**Data excerpts:**
Content starts
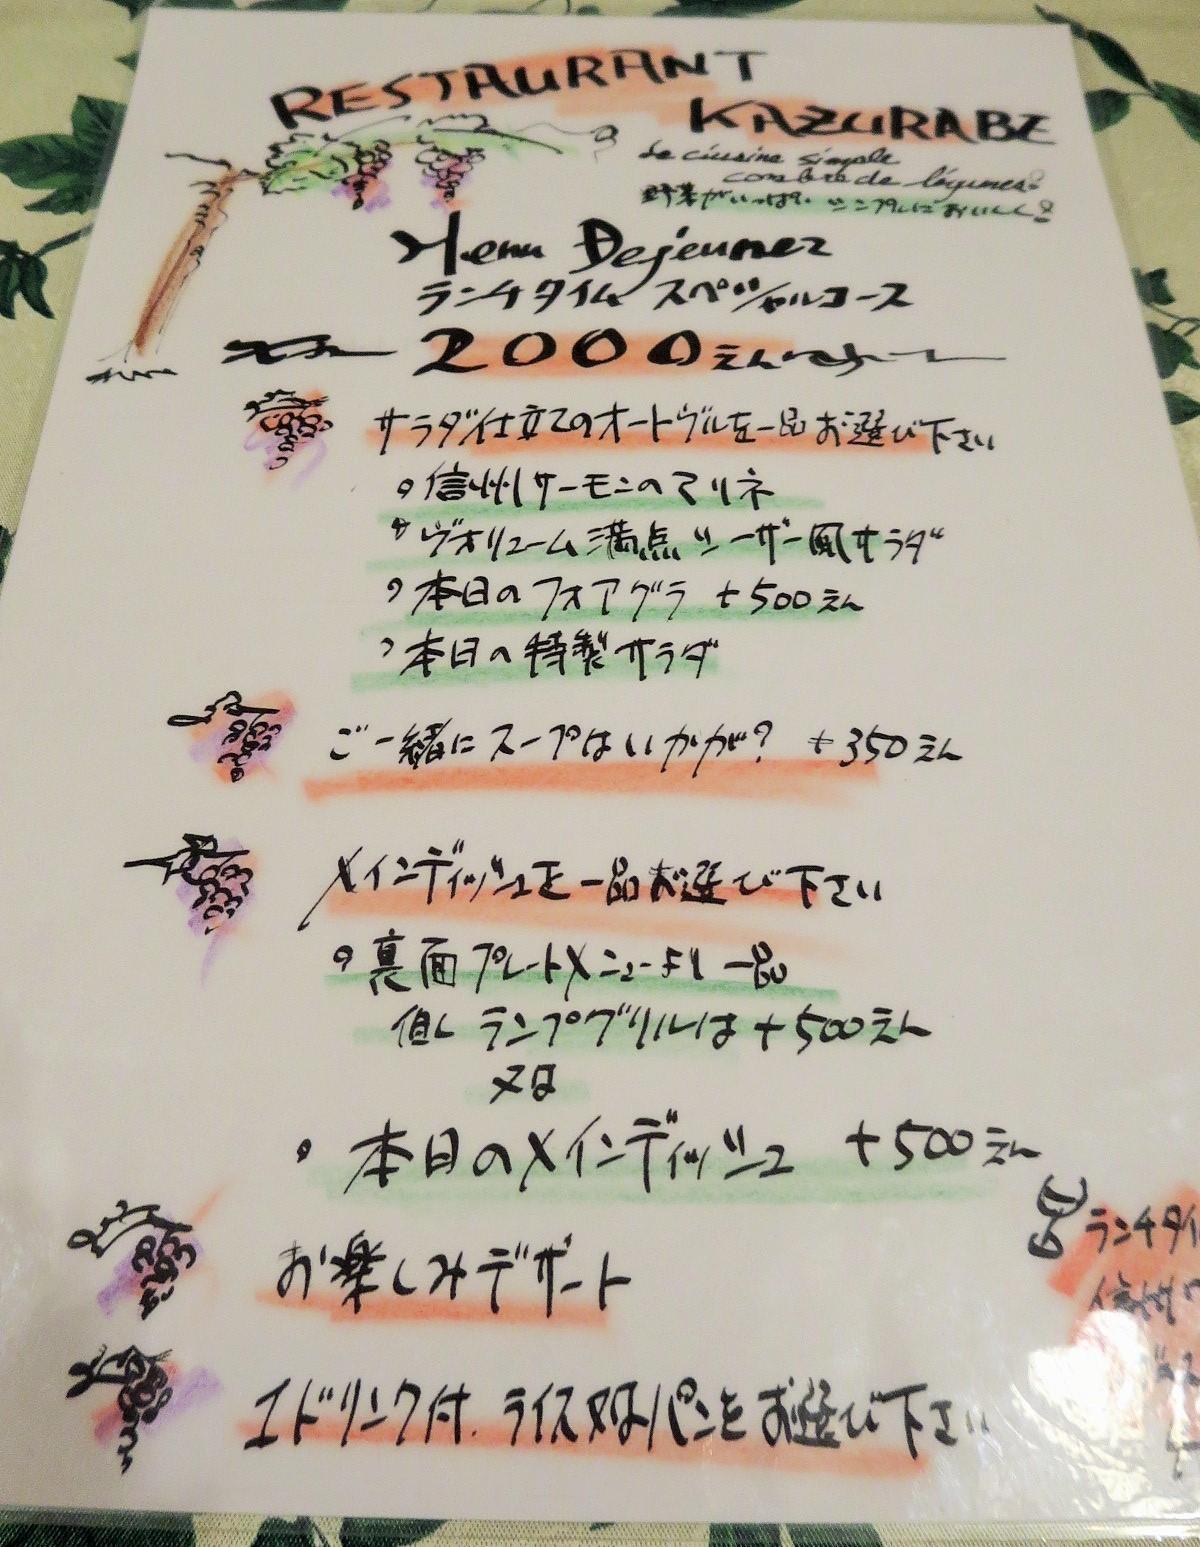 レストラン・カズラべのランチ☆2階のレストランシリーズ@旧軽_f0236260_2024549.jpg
Content ends
Content starts
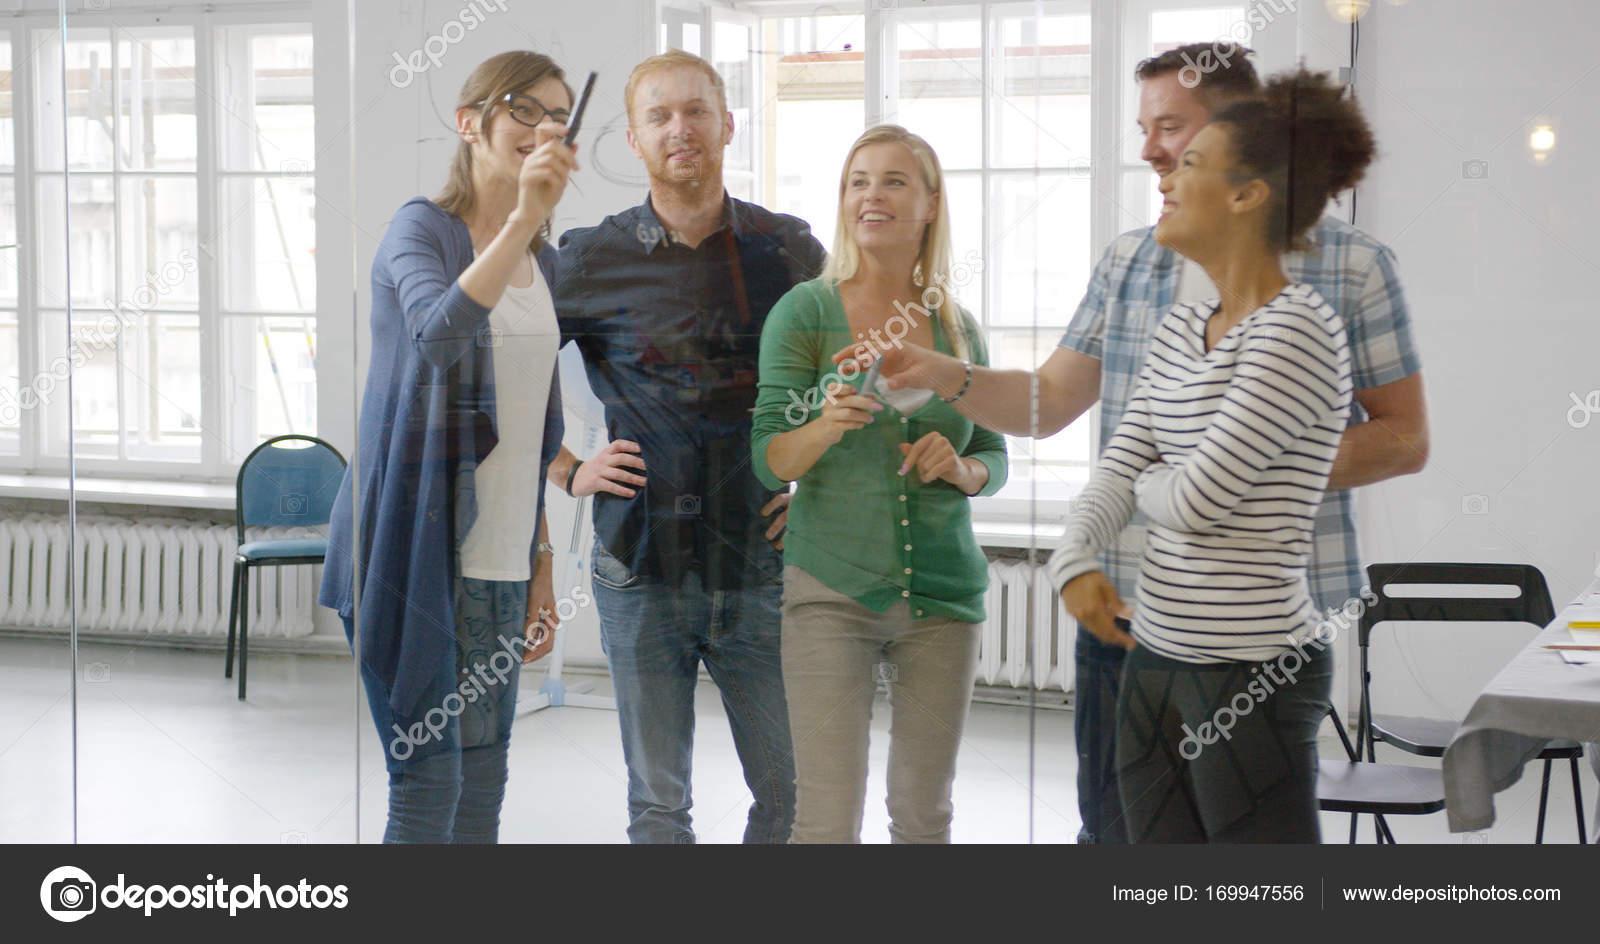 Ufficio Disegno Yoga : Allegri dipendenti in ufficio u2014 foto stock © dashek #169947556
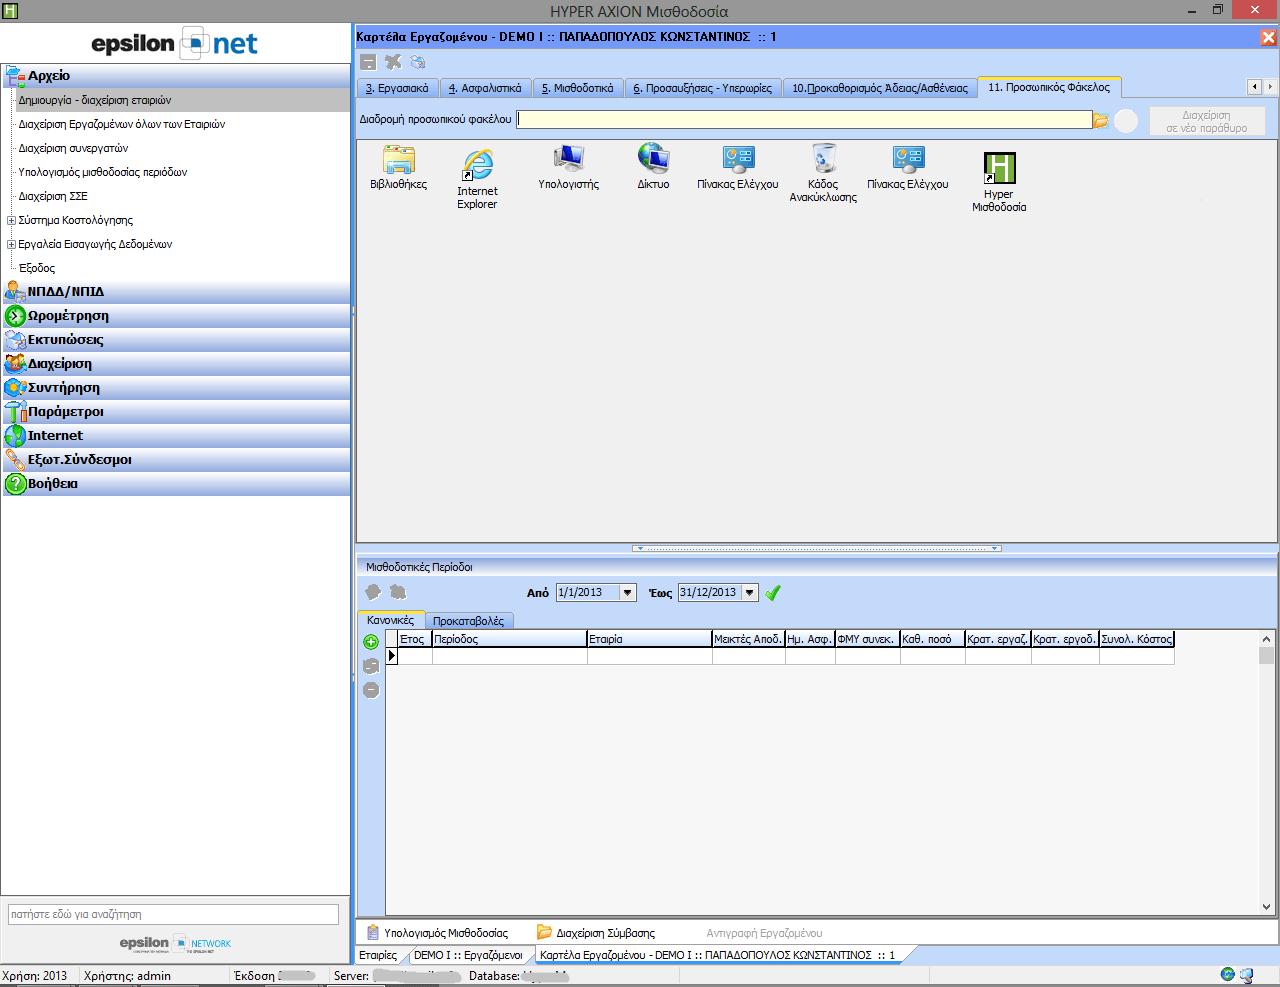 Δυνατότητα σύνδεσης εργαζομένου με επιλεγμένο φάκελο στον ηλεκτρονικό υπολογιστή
Content ends
**Work instructions:**
Could you repeat, exactly, only the lines above starting at the one that has "Ufficio Disegno Yoga" and stopping after the one that has "Δυνατότητα σύνδεσης εργαζομένου", without the pictures?

**Output for this exercise:**
 Ufficio Disegno Yoga : Allegri dipendenti in ufficio u2014 foto stock © dashek #169947556
 Δυνατότητα σύνδεσης εργαζομένου με επιλεγμένο φάκελο στον ηλεκτρονικό υπολογιστή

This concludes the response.